The bellwether is the critical tech sector, which generates 15 percent of the country’s overall economic output and half of its exports. Around 70 percent of startups have taken steps towards moving some operations outside of Israel.

Capital in general has been fleeing the country for months, while 10,000 army reservists and 1,000 pilots announced they would refuse to serve. Former army, Mossad and Shin Bet chiefs have cast their lot with the pro-democracy camp.  

The country is grinding to a halt.

Israel has faced major protests in the past, including a massive 1982 demonstration of 400,000 people after the Sabra and Shatila massacre in Lebanon. The Israeli government appointed a commission of inquiry, which sacked Ariel Sharon from his defence ministry portfolio.

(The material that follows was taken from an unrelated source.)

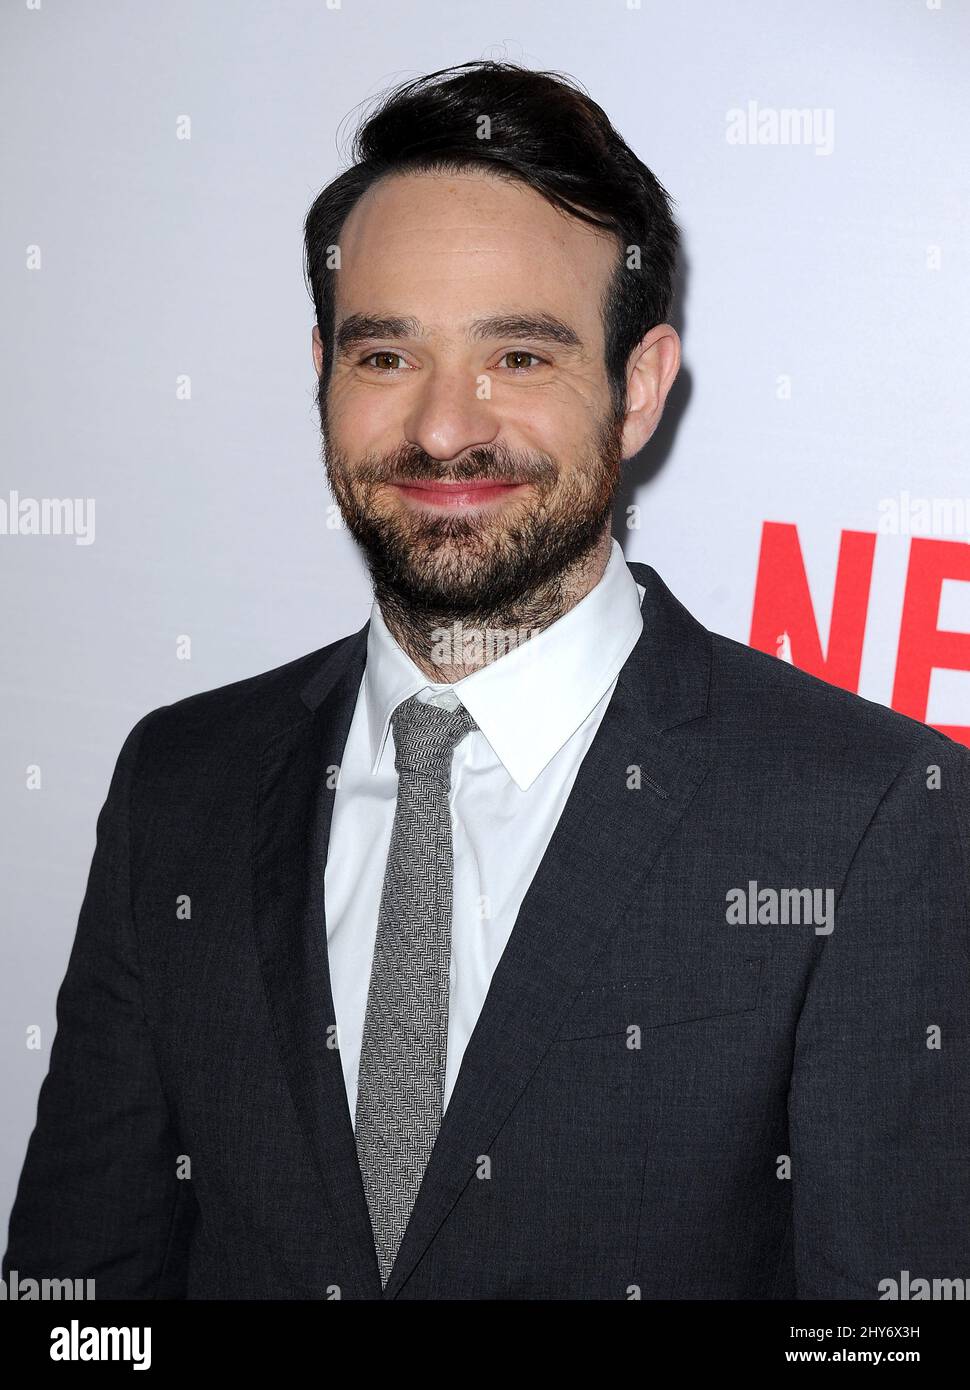 Charlie Cox attending the 'Daredevil' premiere in Los Angeles Stock Photo

In 1993, the Oslo Accords were signed, with the ultimate goal of creating a Palestinian state and ensuring the cessation of hostilities between Israel and the Palestinians. A powerful right-wing backlash ensued. 

Protests for peace

Two years later, Peace Now sought to reinvigorate the peace process with an enormous rally in the heart of Tel Aviv. The main attraction was none other than the prime minister himself, Yitzhak Rabin.  

The rally was, at the time, a profound expression of the Israeli desire for peace over war. But Rabin was assassinated that night by a settler extremist. Had he not died, the peace process might have succeeded and resulted in a resolution of the Palestine-Israel conflict.

In 2011, the J14 movement, a spontaneous grassroots social justice campaign, swept the streets of Israel. It was a revolt against the rapacious society Israel had become; a rebellion by young people who could no longer afford skyrocketing rents. Working-class Israelis could not afford to put food on the table, given massive price increases by profit-hungry food conglomerates.  

Israelis believe this government intends to destroy what they view as Israeli democracy ... For them, this is an existential crisis

Starting with a single tent on a Tel Aviv boulevard, it mushroomed into tens of thousands who lived and protested for weeks there. Journalists reporting on the phenomenon, and the young people themselves, believed they were spearheading a revolution that would alter Israeli society, making it fairer and more just. 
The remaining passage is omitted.